* **Assignment**
I would like the lines below, from the one with "Hatchet – Gary Paulsen essay" through the one with "The Glenn & Phyllida Earle Family Fund", copied exactly and without any pictures.

* **Material for this task**
________

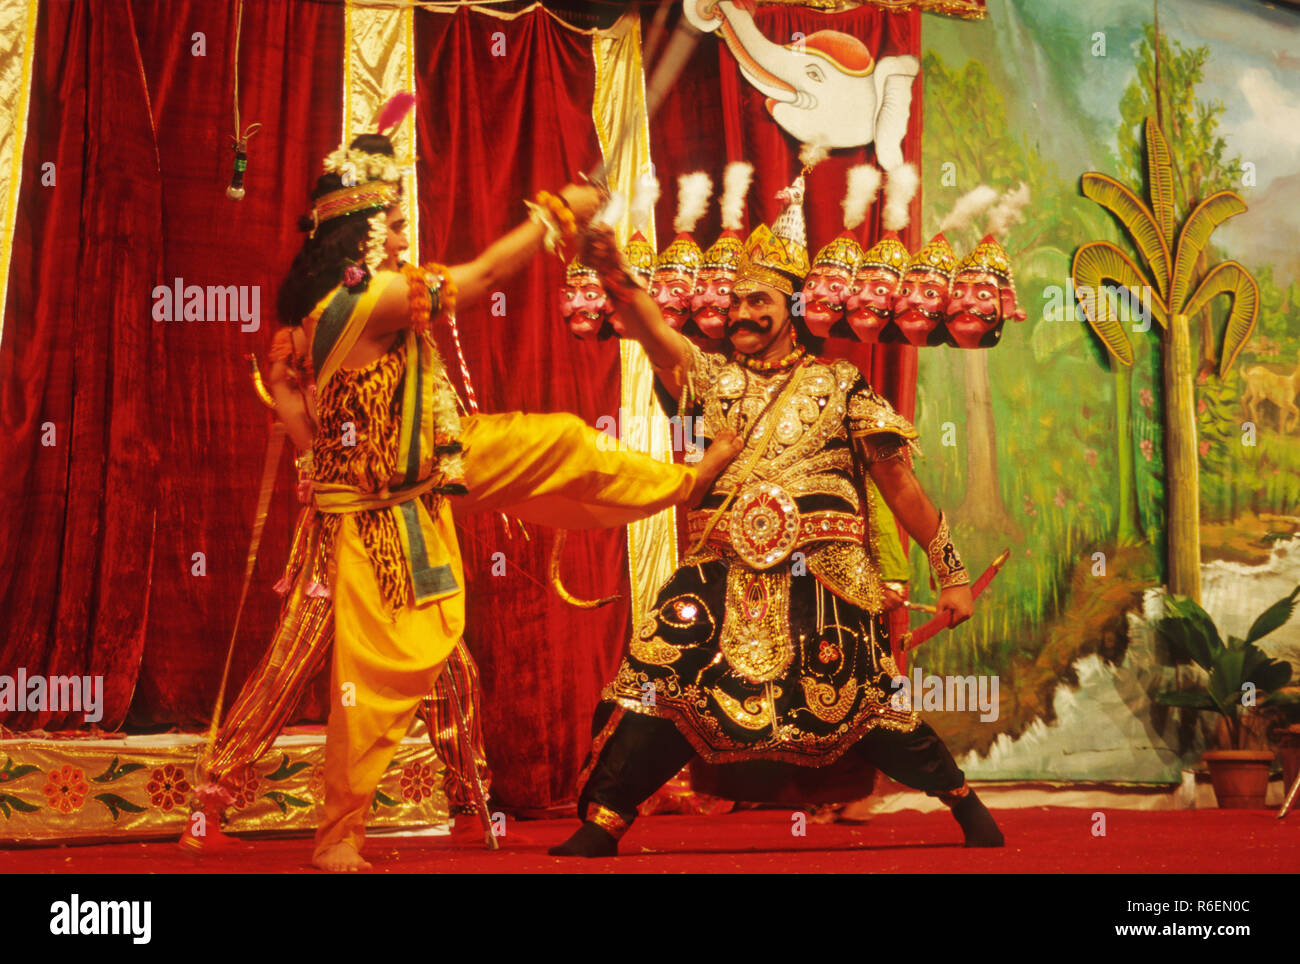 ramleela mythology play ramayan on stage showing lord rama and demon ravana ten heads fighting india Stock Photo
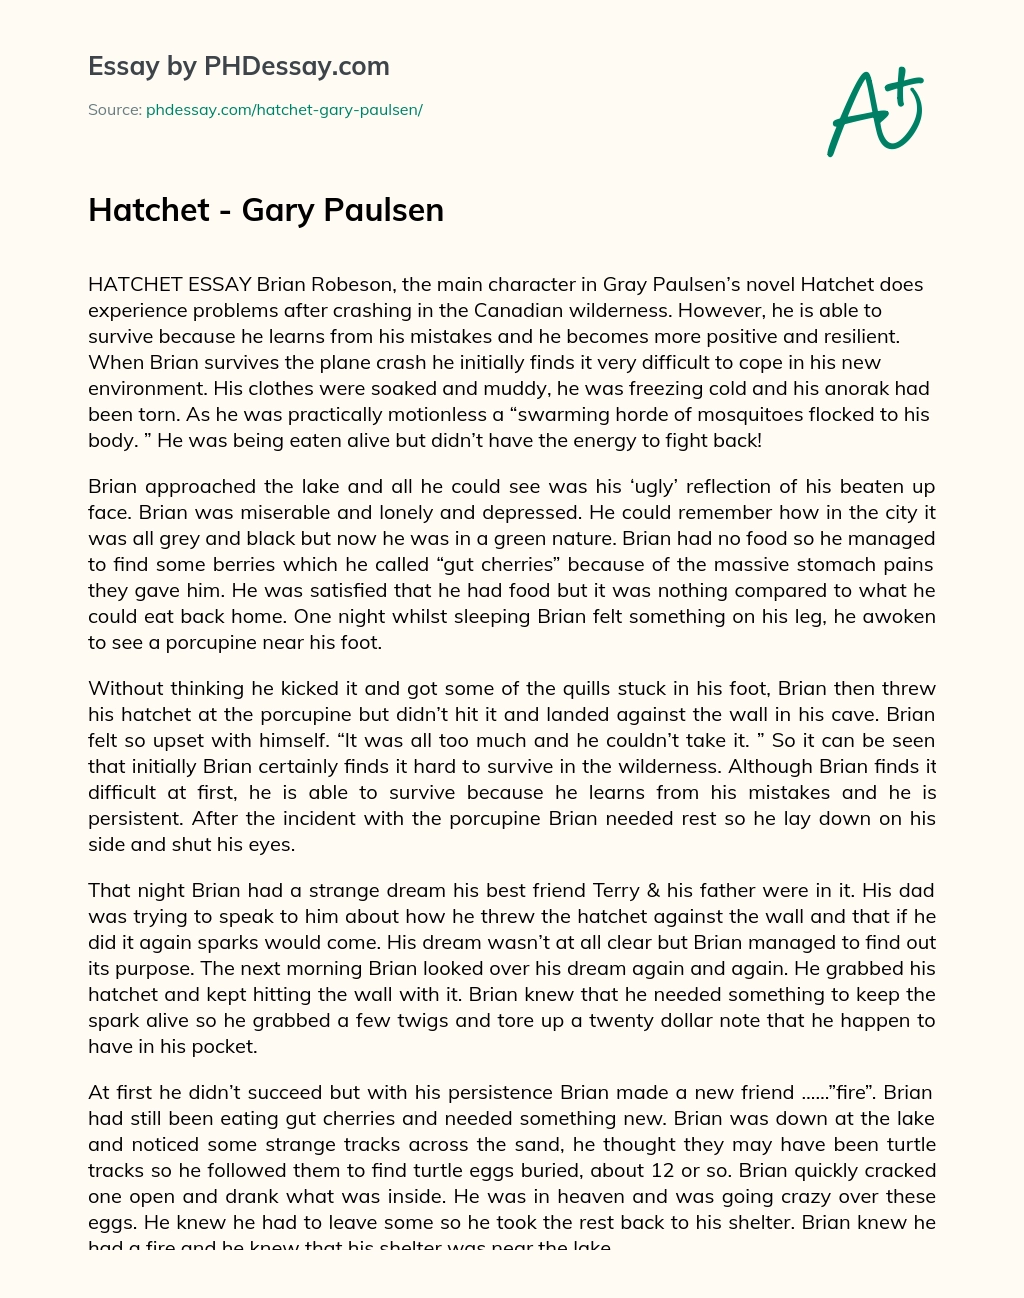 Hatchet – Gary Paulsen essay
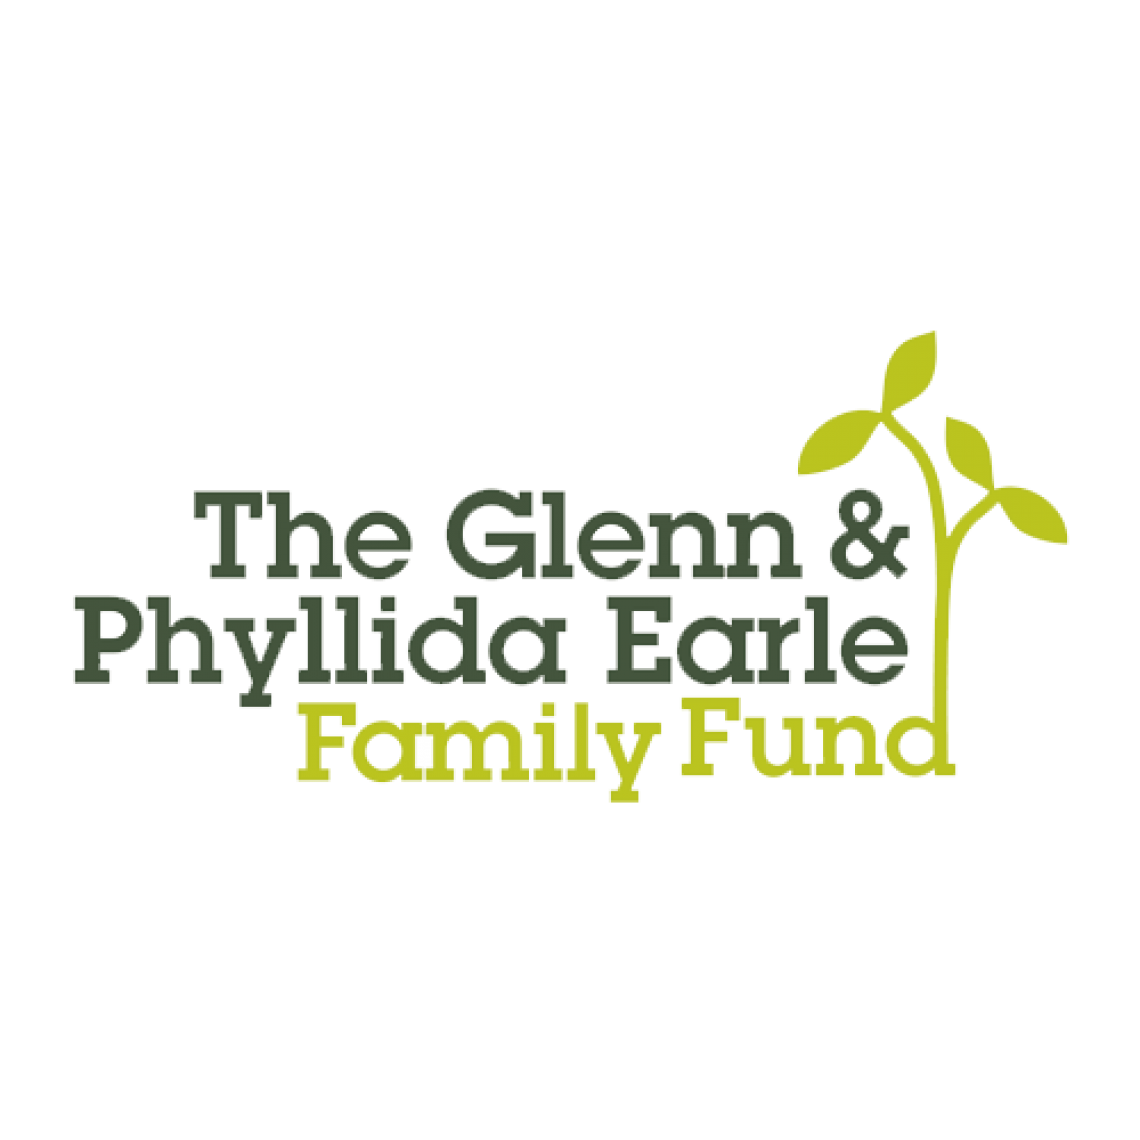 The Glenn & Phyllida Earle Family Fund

________

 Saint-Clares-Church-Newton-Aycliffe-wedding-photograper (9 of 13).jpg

________

* **Your solution**
 Hatchet – Gary Paulsen essay
 The Glenn & Phyllida Earle Family Fund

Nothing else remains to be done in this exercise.